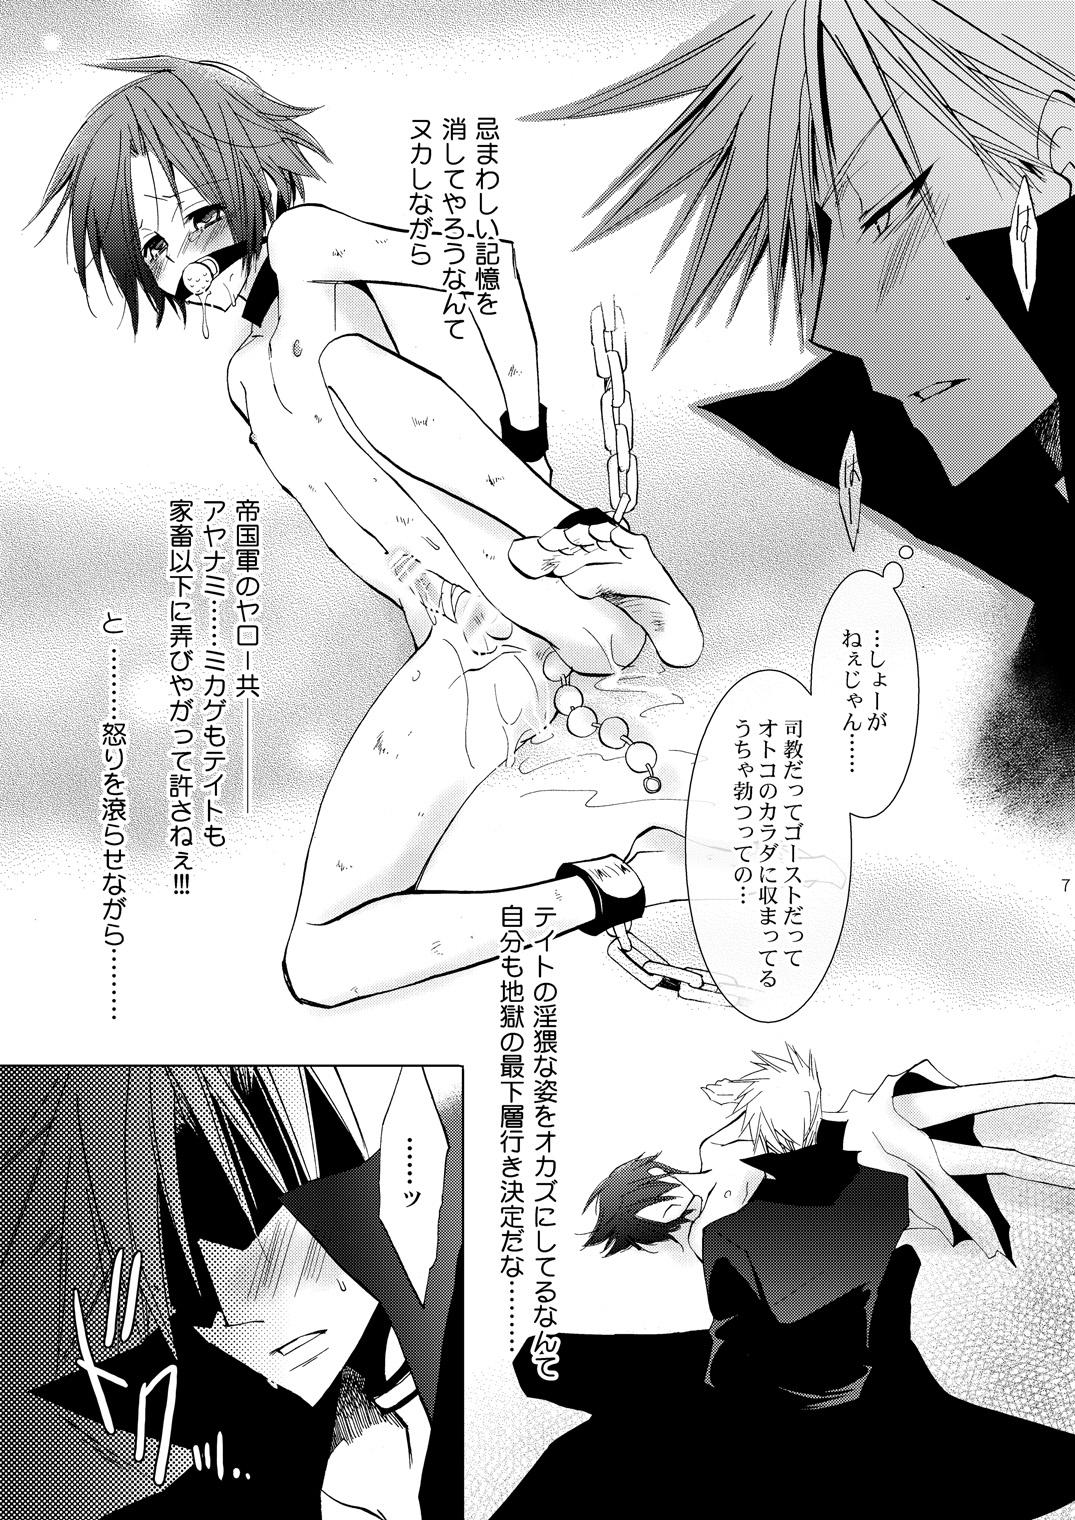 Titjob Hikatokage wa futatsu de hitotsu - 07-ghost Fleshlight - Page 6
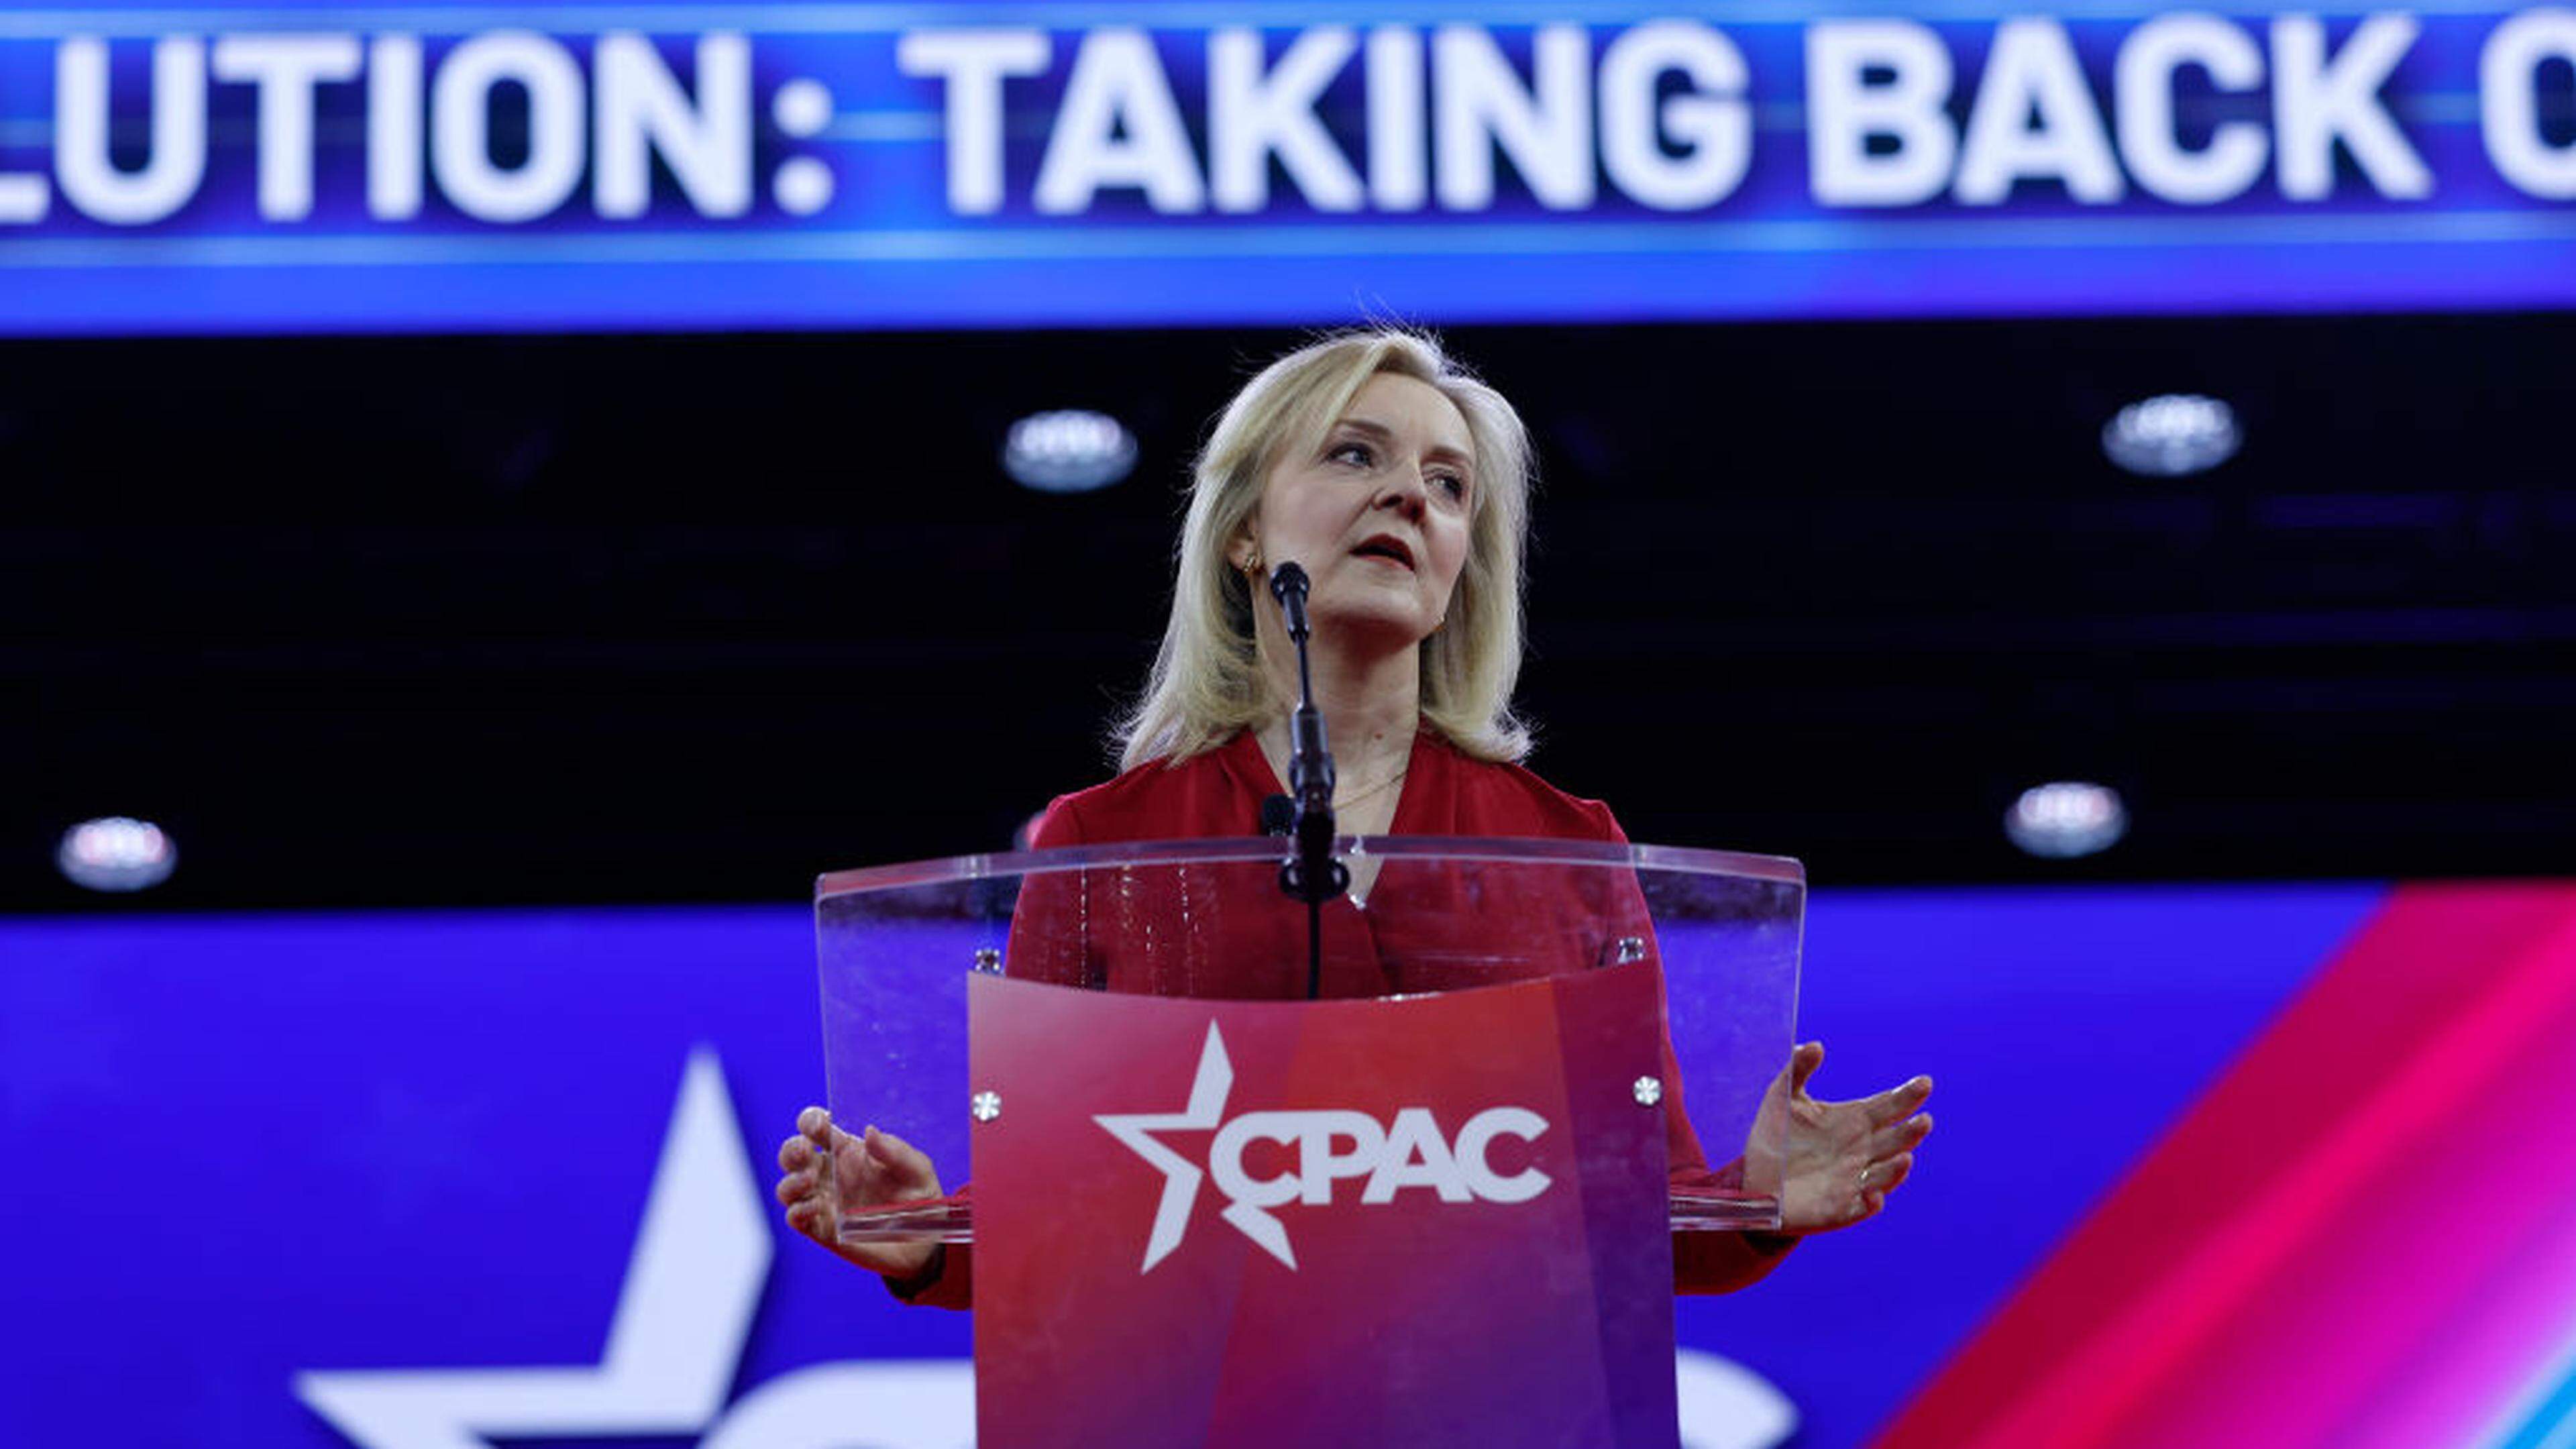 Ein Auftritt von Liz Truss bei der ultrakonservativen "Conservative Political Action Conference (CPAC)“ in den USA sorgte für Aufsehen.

* * * *

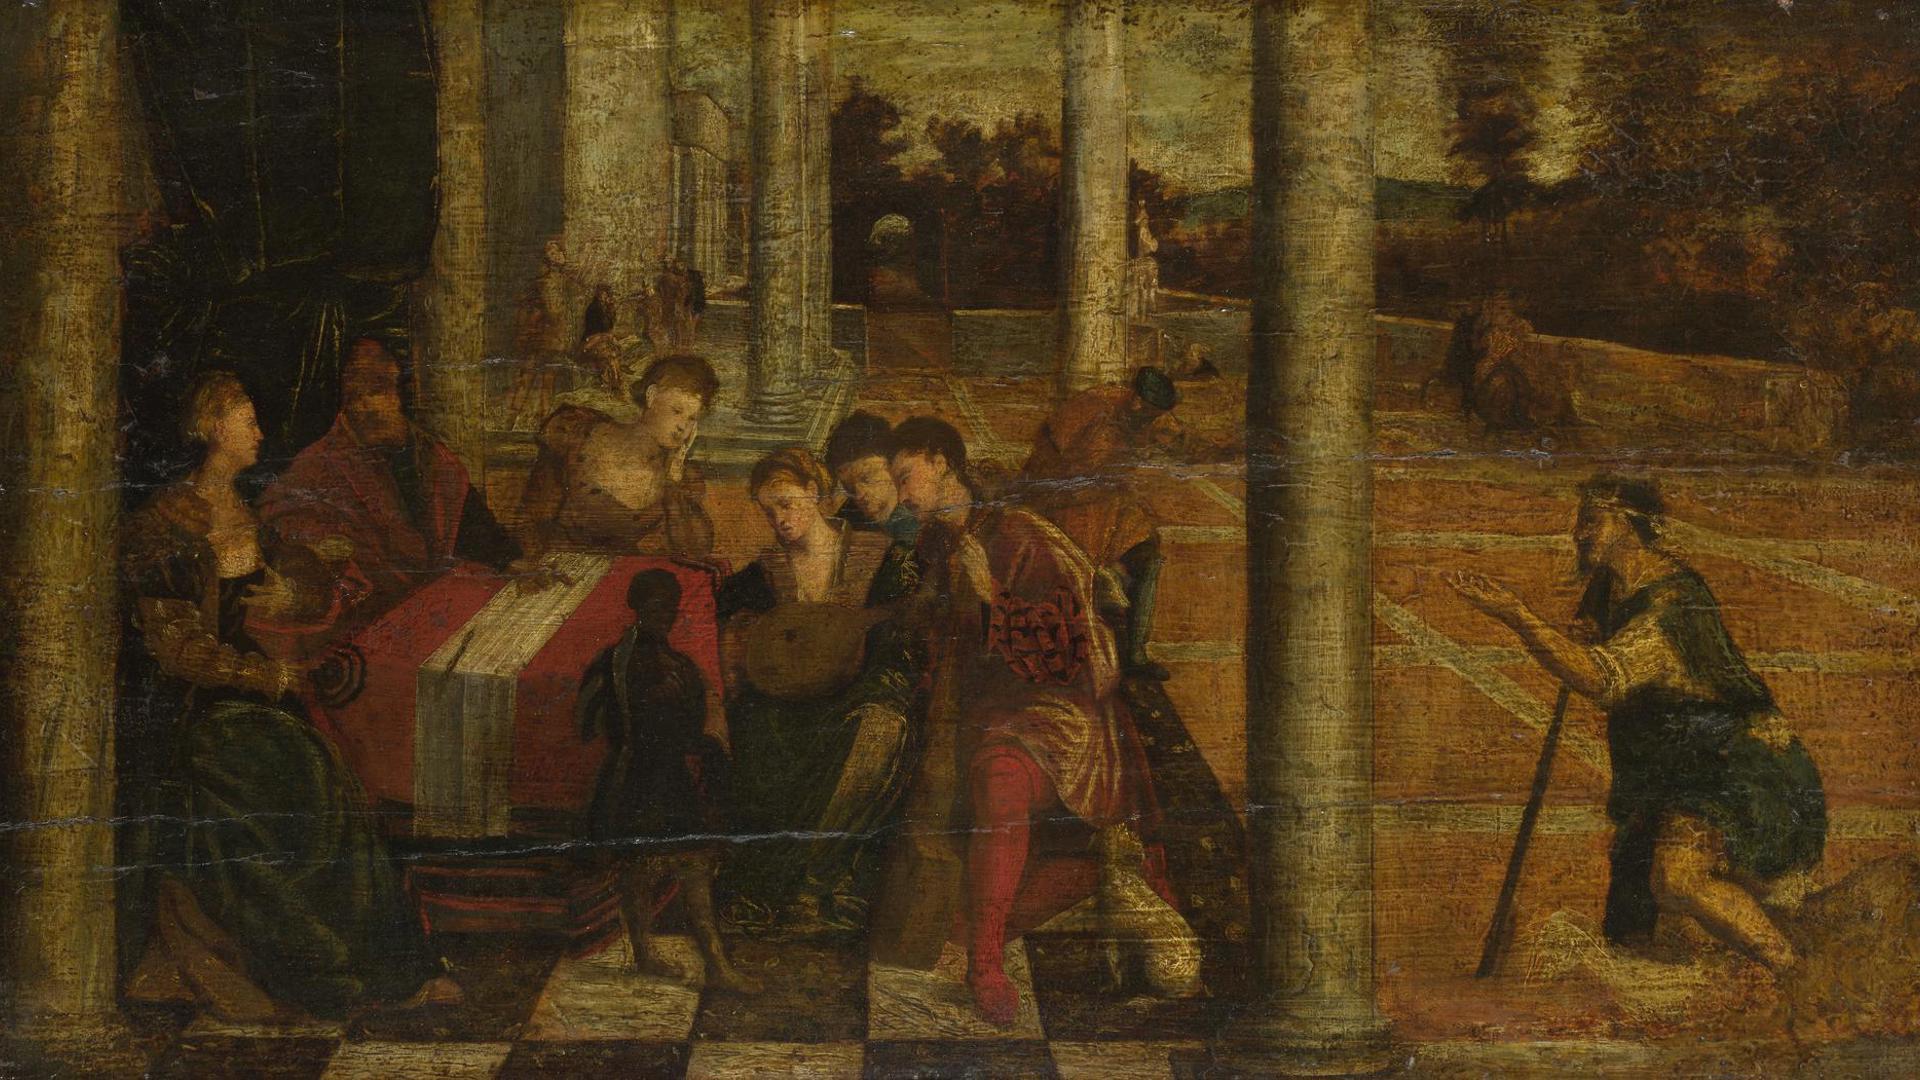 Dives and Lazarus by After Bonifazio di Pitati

* * * *

### About this task
Although pictures appear among the entries, please set down only the lines from the one with "Titjob Hikatokage wa" up to and including the one with "Ein Auftritt von", word for word.

### Expected output
 Titjob Hikatokage wa futatsu de hitotsu - 07-ghost Fleshlight - Page 6
 Ein Auftritt von Liz Truss bei der ultrakonservativen "Conservative Political Action Conference (CPAC)“ in den USA sorgte für Aufsehen.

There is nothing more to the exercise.